Are computer games just for kids? Over the years this question has vexed many great cultural commentators (even though the answer is obviously ‘no’). As far as Ready Player One is concerned, it seems to have stumped Steven Spielberg too.

It’s a return to the family action-adventure formula with which made his name. Based on the best-selling 2011 novel by Ernest Cline, Ready Player One concerns a dog-eared near-future world where all and sundry lose themselves in the immersive virtual reality world OASIS. As OASIS creator James Halliday (Mark Rylance) departs this mortal coil, he reveals that there’s a special game hidden within, the winner of which will inherit his vast fortune. Needless to say, the world and his wife promptly throw their hats into the ring, with the narrative here zoning in on young gamer Wade Watts (Tye Sheridan) and his cronies.

So far, so Willy Wonka – plus, as Halliday remains rendered within the game, a dash of The Wizard of Oz. As the contest hots up, it blends in a generous helping of The Matrix too. In fact, the entire film is a kedgeree of pop culture references, be they little in-jokes from within the OASIS world to more substantial nods such as an extended Kubrick homage. Whether the film amounts to more than the sum of its parts is another matter, though.

ready player oneBack in his heyday, Spielberg made it look effortless to please audiences of all ages at one and the same time, but this is far less assured. It’s as though he’s aiming for the pantomime trick of delivering thrills for the nippers while winking broadly to the adults, but it fails to come off. Instead, it’s a film which can’t decide exactly who it’s for and instead falls between several stools. Spielberg’s far too adept at this kind of thing to blow it entirely, but it’s never quite as pulse-pounding as you’d hope. It’s very much a straight-ahead, predictable ‘ticking clock’ quest-cum-morality tale, flawed fun but nothing more.
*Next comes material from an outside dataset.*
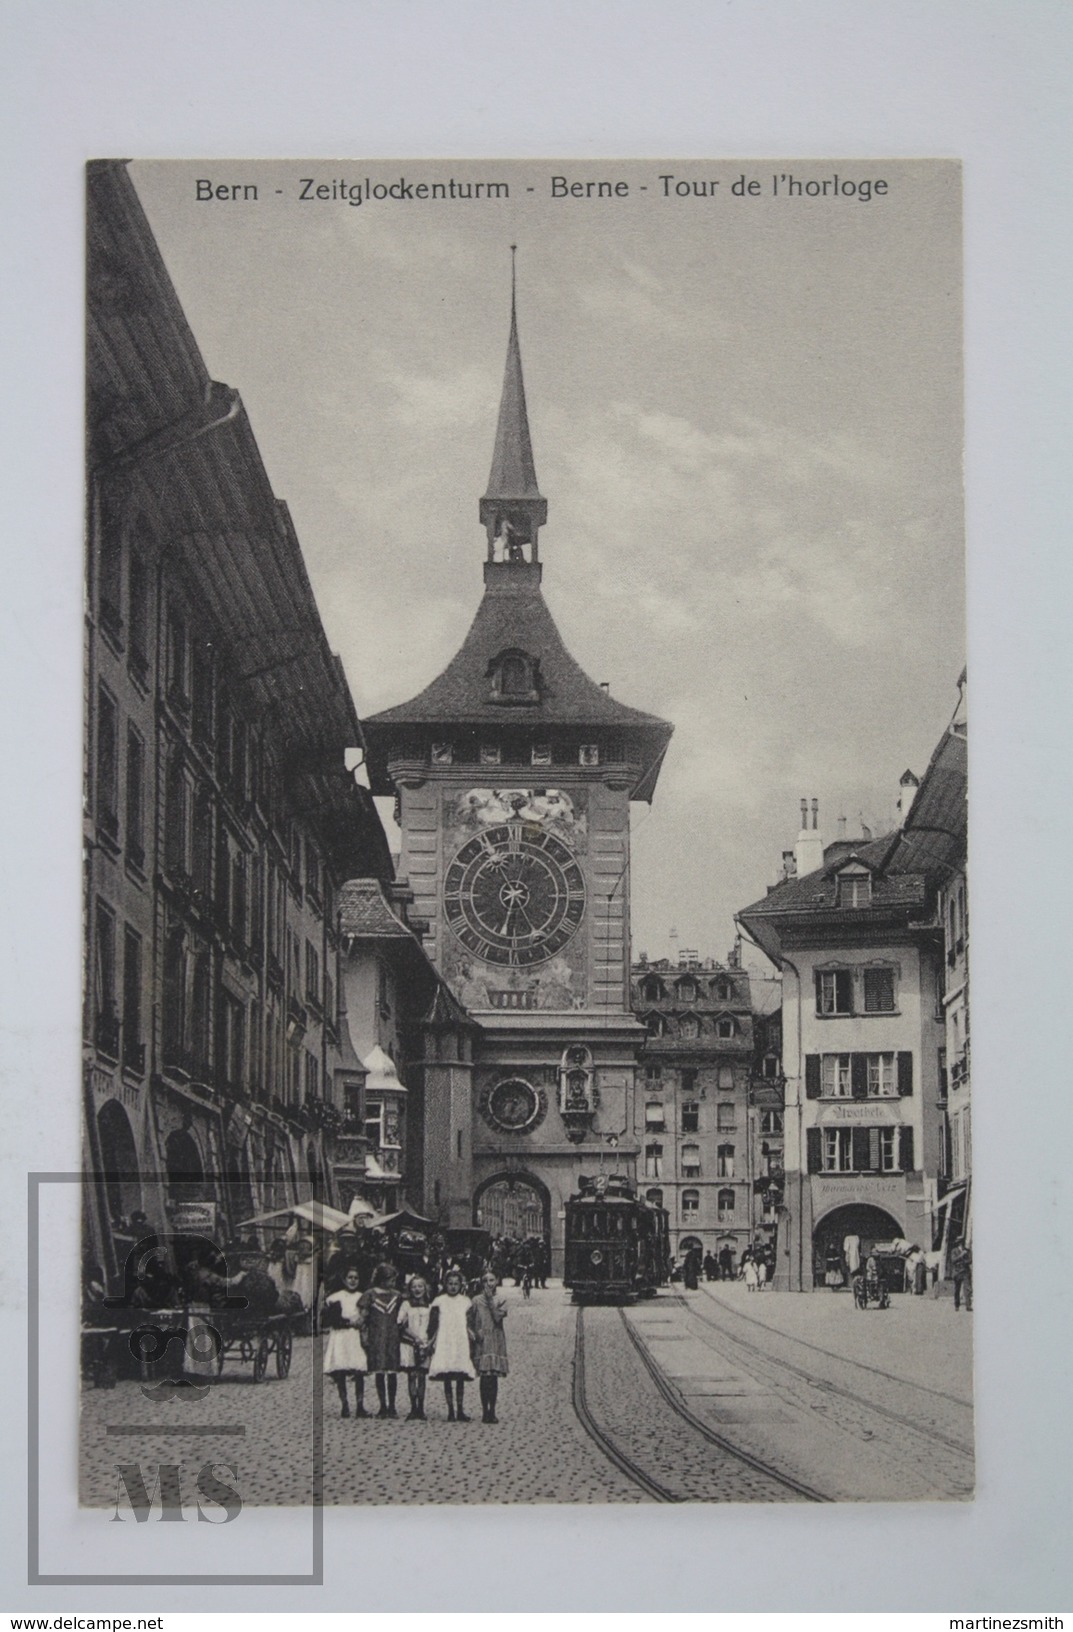 Old Postcard Switzerland - Bern - Zeitglockenturm - Tour De L'Horologe - Tramway And Children's - Animated - Berne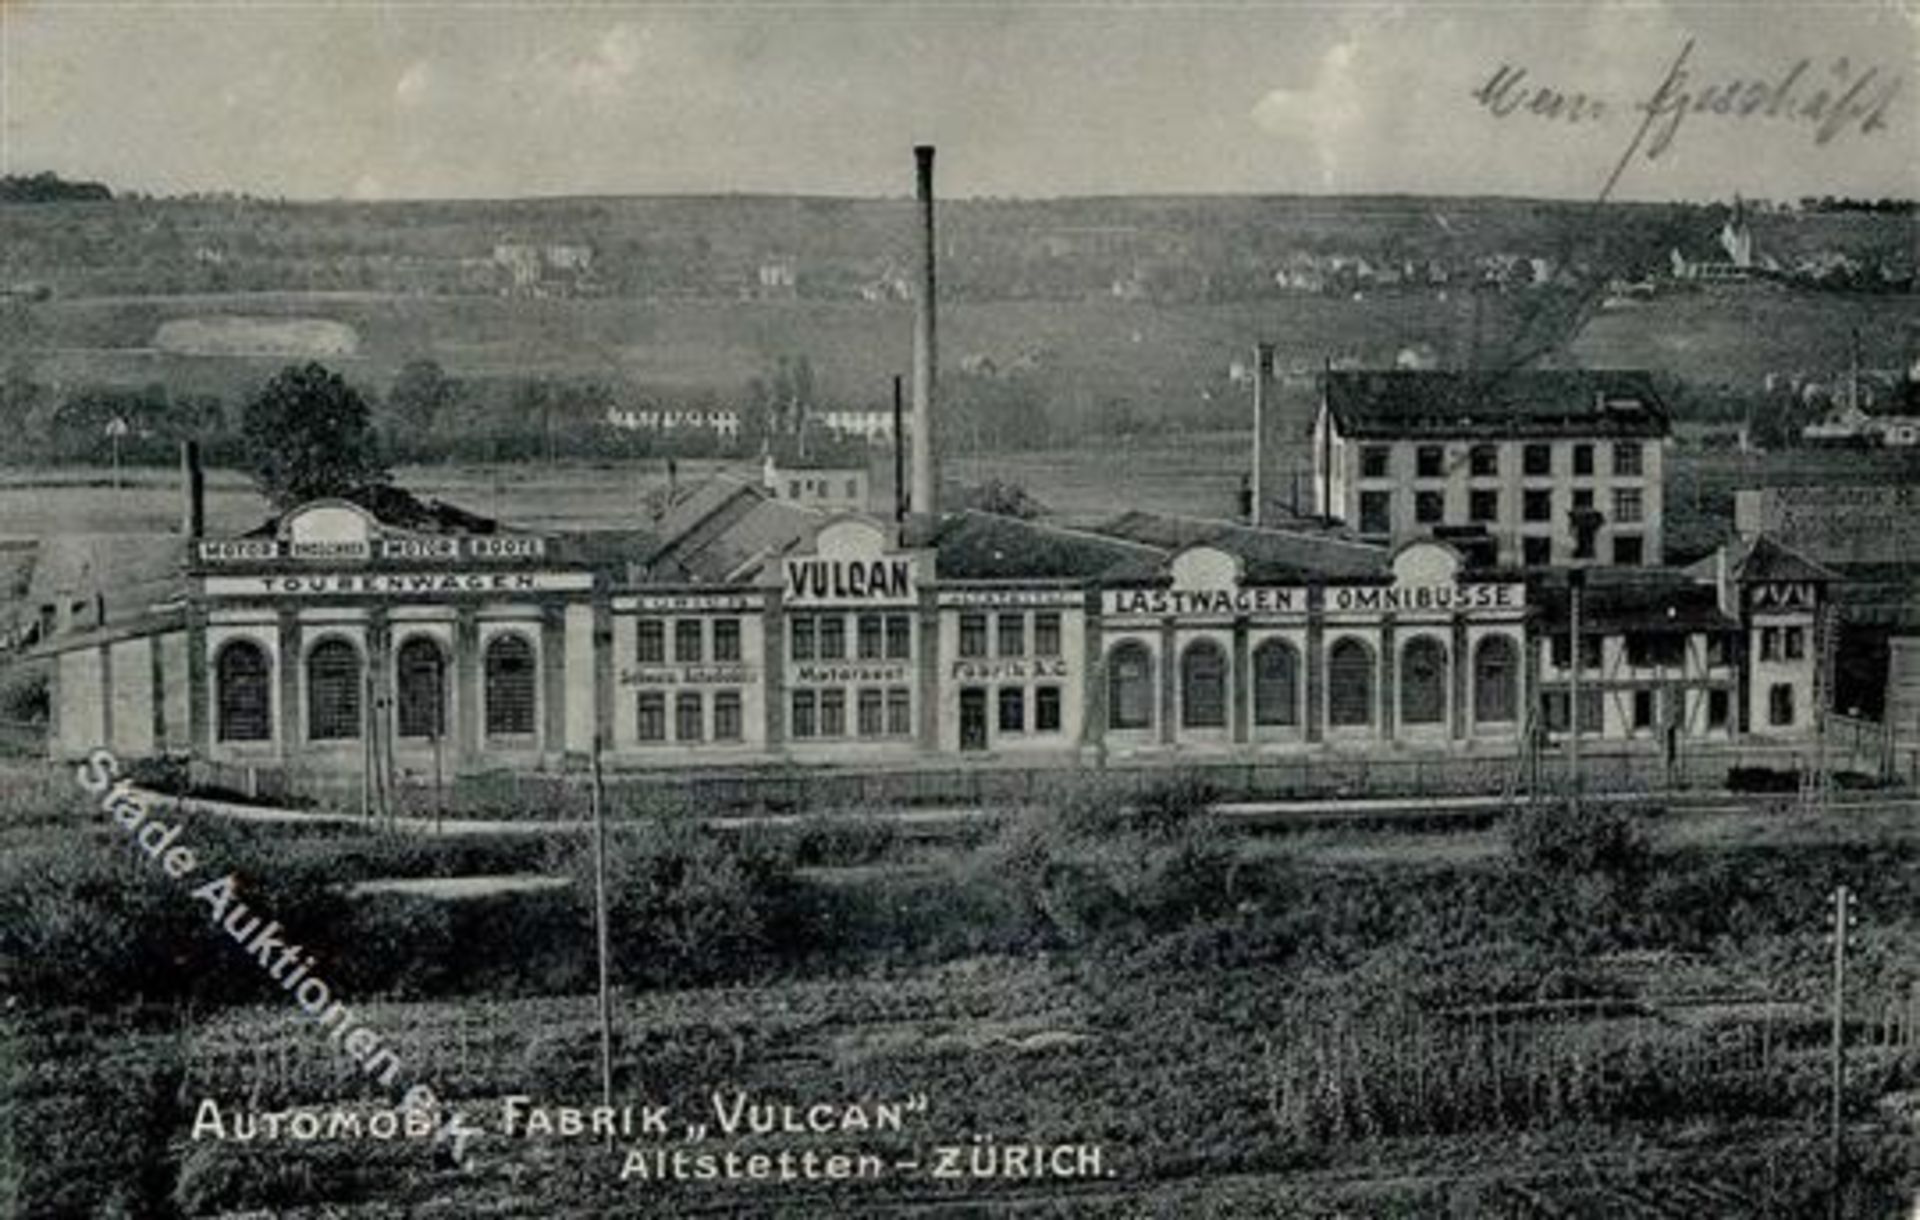 Altstetten (8000) Schweiz Automobilfabrik Vulcan Möbelfabrik Ausstellung 1907 II (Stauchung)Dieses

It feels curiously like a young Spielberg devotee having a half-baked go at ripping him off rather than the work of the man himself.

The lead performances are rather underwhelming, though the dependable Ben Mendelsohn brings a degree of panache as arch-baddie businessman Nolan Sorrento and Rylance pops up to twinkle expertly as gamesmaster Halliday. Some structural narrative tweaks have been made from Cline’s novel but for the most part they stand to reason. Scenes set within the OASIS demonstrate some visual flair, though they’re bound to date quicker than fresh milk. Arguably, perhaps, a built-in retro look is part of the design. The real-life future world is less impressively realised, though. Basically, it appears that by 2044 we’re all going to be chased about by flying drones while living in caravans stacked up like rusty boxes on a garage shelf. Of course, there’s an inherent problem in making it visually interesting to watch people play computer games and operate software. However, Spielberg does have previous with tackling this, chiefly with Minority Report, and for the most part he pulls off the same trick here. However, there remains the deadly sneaking suspicion that watching Ready Player One is less fun than actually playing the barrage of games it references.

The score, by 80s soundtrack maestro Alan Silvestri, fits the bill nicely enough, though the constant array of period pop songs dotted throughout is less Forgotten 80s, more Blindingly Obviously 80s. If there’s something fundamentally Not Right here, it’s that the whole film hinges on this love of popular culture from the 80s and then-abouts. Beyond the character of Halliday being obsessed with it, it’s not entirely clear why that’s such a big deal in 2044. Has nothing of note happened since? Given that Spielberg himself was such an avatar of the 80s, this can’t help but feel self-congratulatory. You didn’t get David Bowie making films about how the 70s were the only decade that mattered. There’s also the curious fact that, as our nerdy action hero Wade, Tye Sheridan is the spitting image of, um, young Steven Spielberg (never mind paging Dr Freud, in the circumstances it might be best to fax him). 

Some might argue that, at the age of 71, Spielberg should just knock it off with lightweight, knockabout runaround stuff meant for punters a fraction of his age and instead tackle weightier matters. In these days of Trump and Cambridge Analytica, there’s certainly a fascinating film to be made about the age of digital identities and rampant greed, though obviously this isn’t it. To be fair, it doesn’t try, but in attempting to be all zeitgeisty by depicting a near future obsessed with the recent past, it doesn’t manage to satisfy anyone sufficiently, be they young or old.